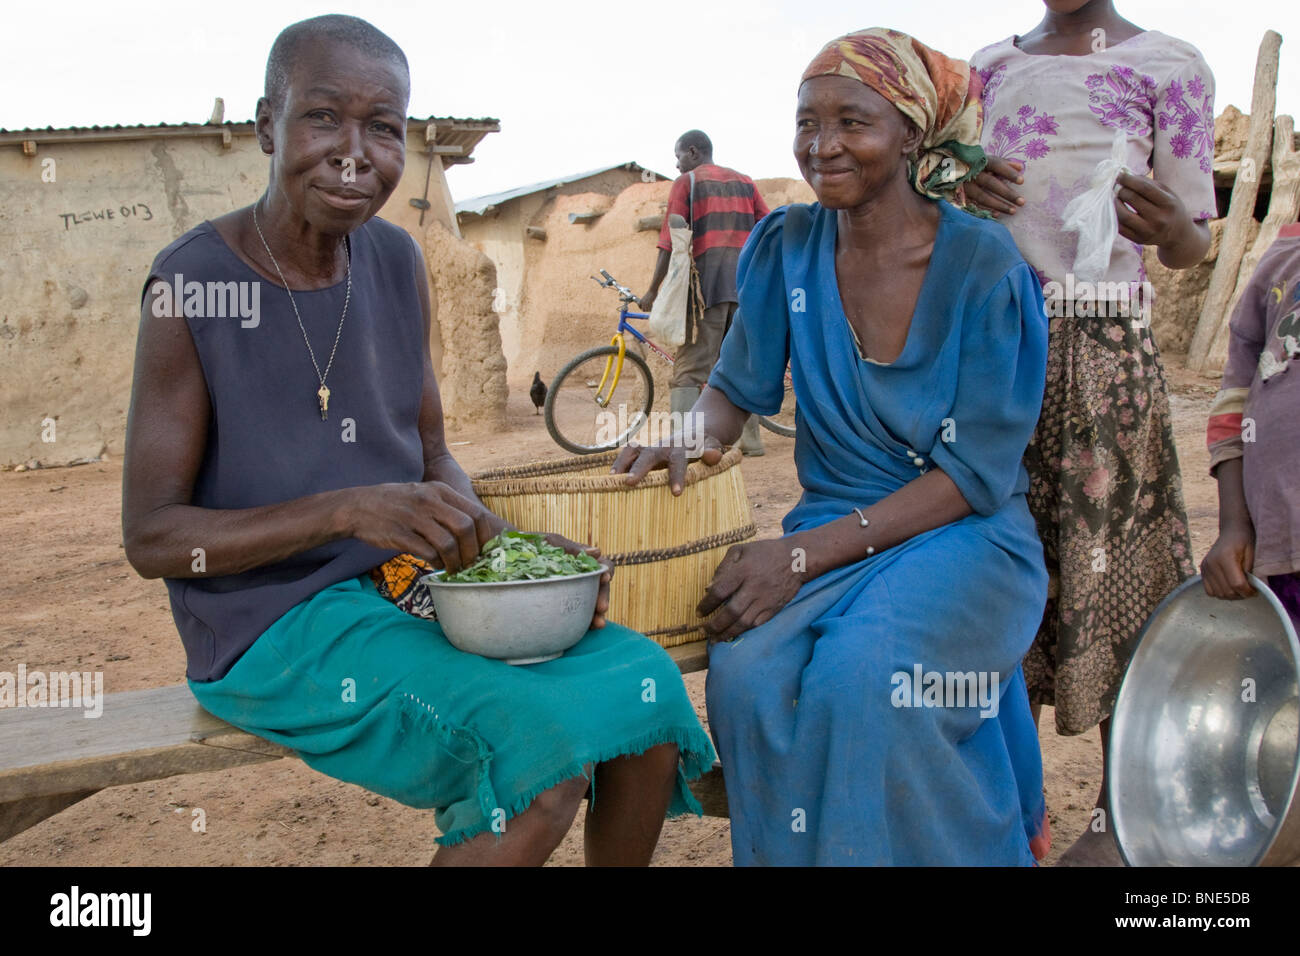 Lobi women preparing the evening meal, from Talawona, near Wechiau, Ghana. - Stock Image
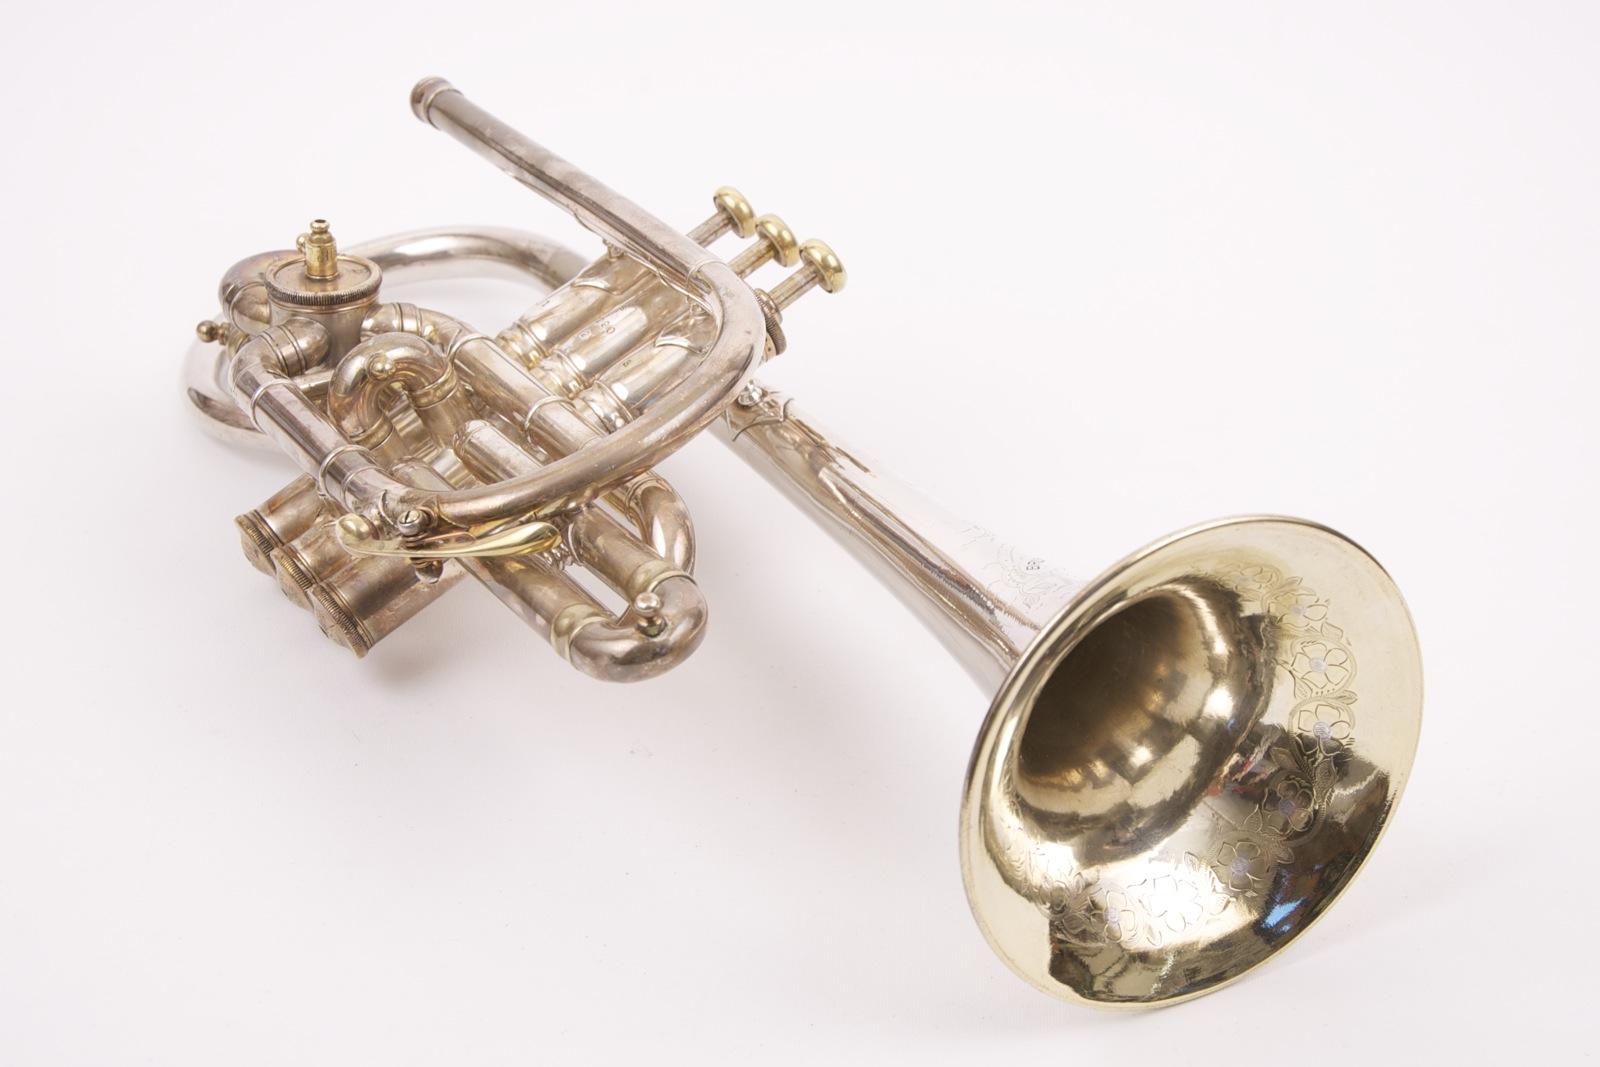 1335-cornet-C.-Keefer-05
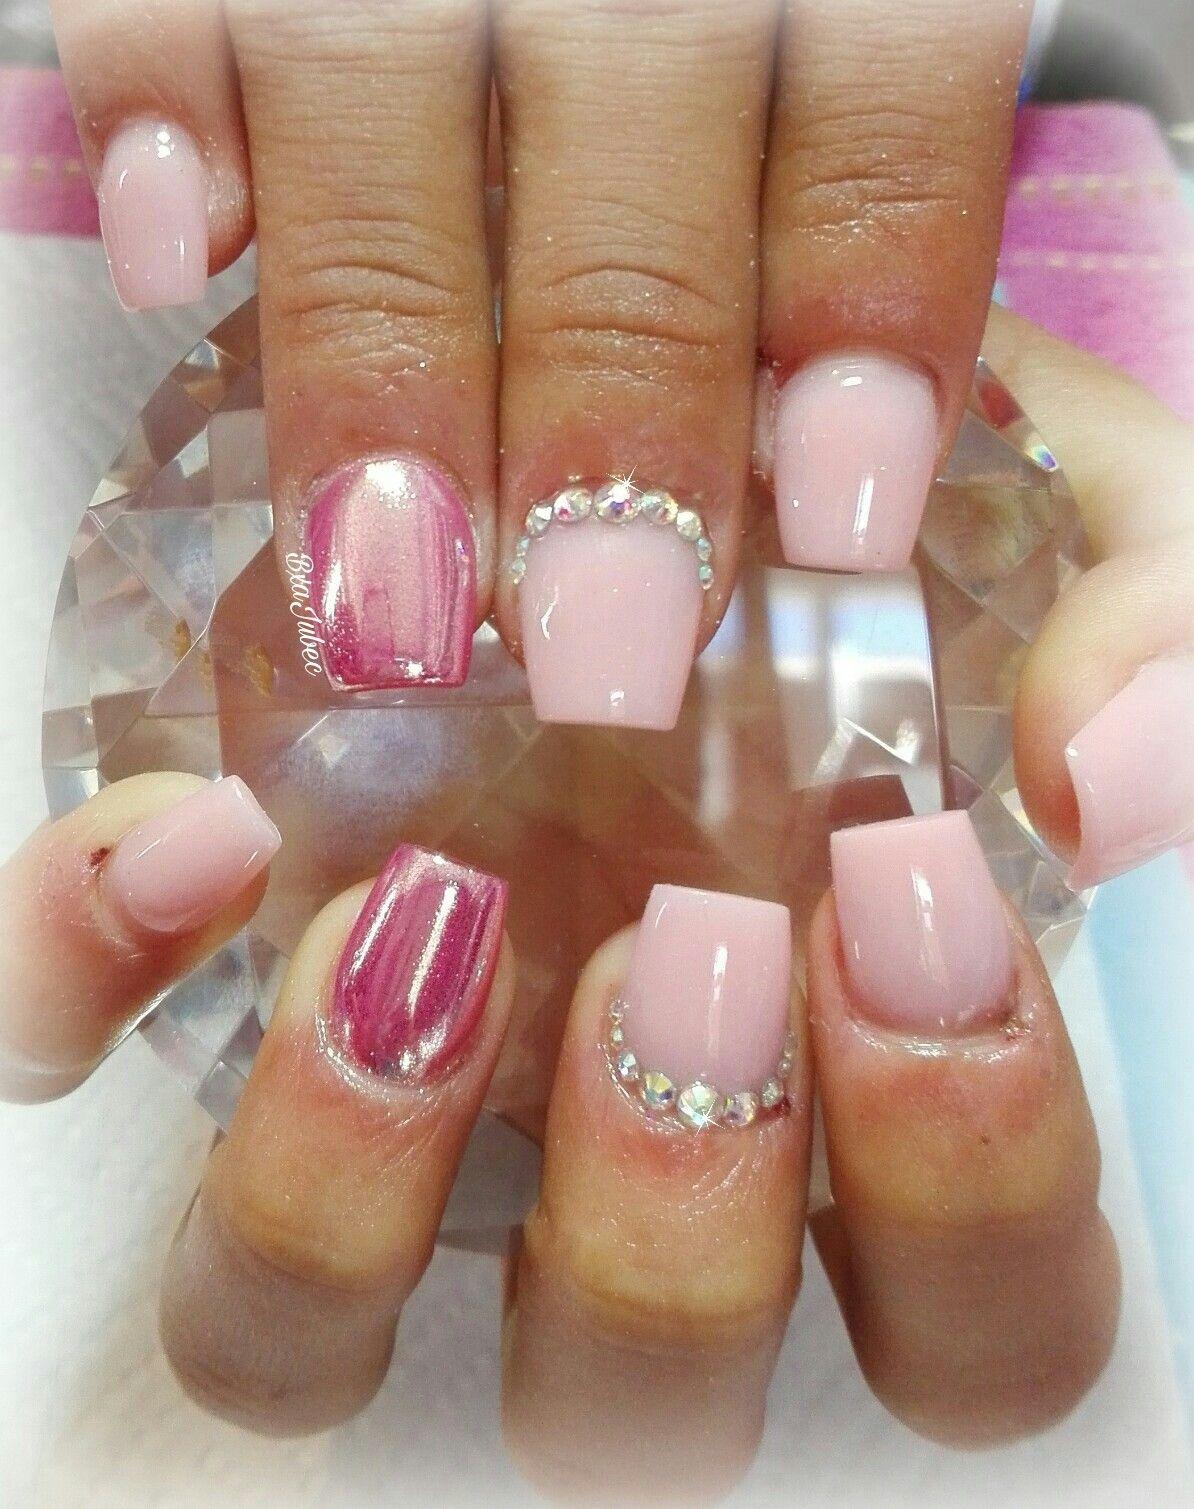 Uñas efecto espejo rosa Uñas pequeñas | uñas Betsa Jubec | Pinterest ...
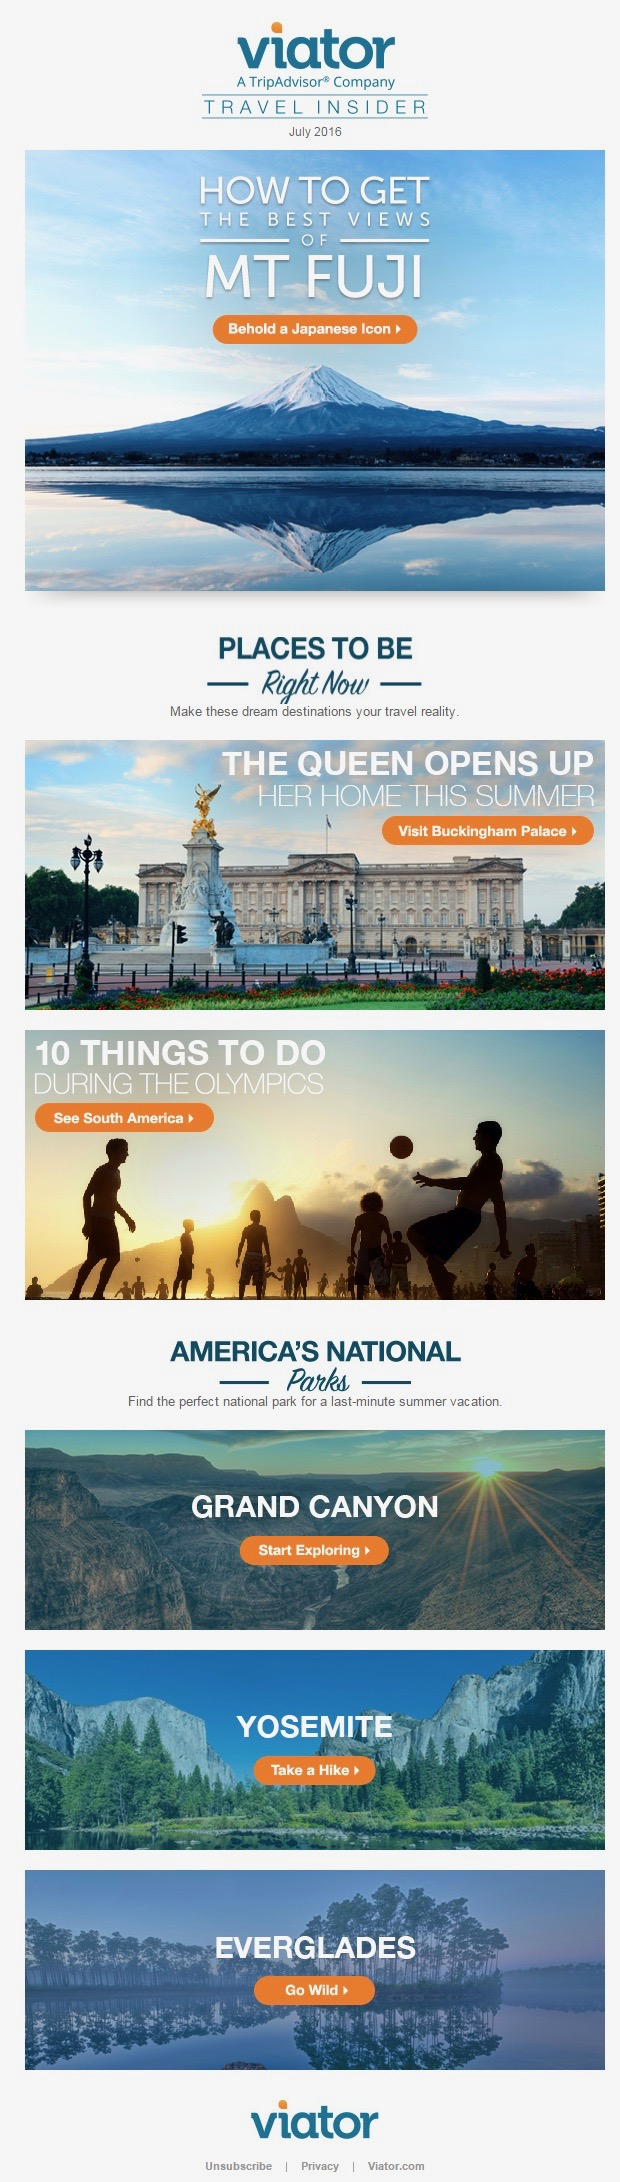 Travel Insider - July 2016 (National Parks).jpg

━━━━━━━━━━━━━━━━

▸ Task objective:
Everything in the material above must be repeated exactly, apart from its pictures.

▸ Answer section:
 Lobi women preparing the evening meal, from Talawona, near Wechiau, Ghana. - Stock Image
 1335-cornet-C.-Keefer-05
 Uñas efecto espejo rosa Uñas pequeñas | uñas Betsa Jubec | Pinterest ...
 Travel Insider - July 2016 (National Parks).jpg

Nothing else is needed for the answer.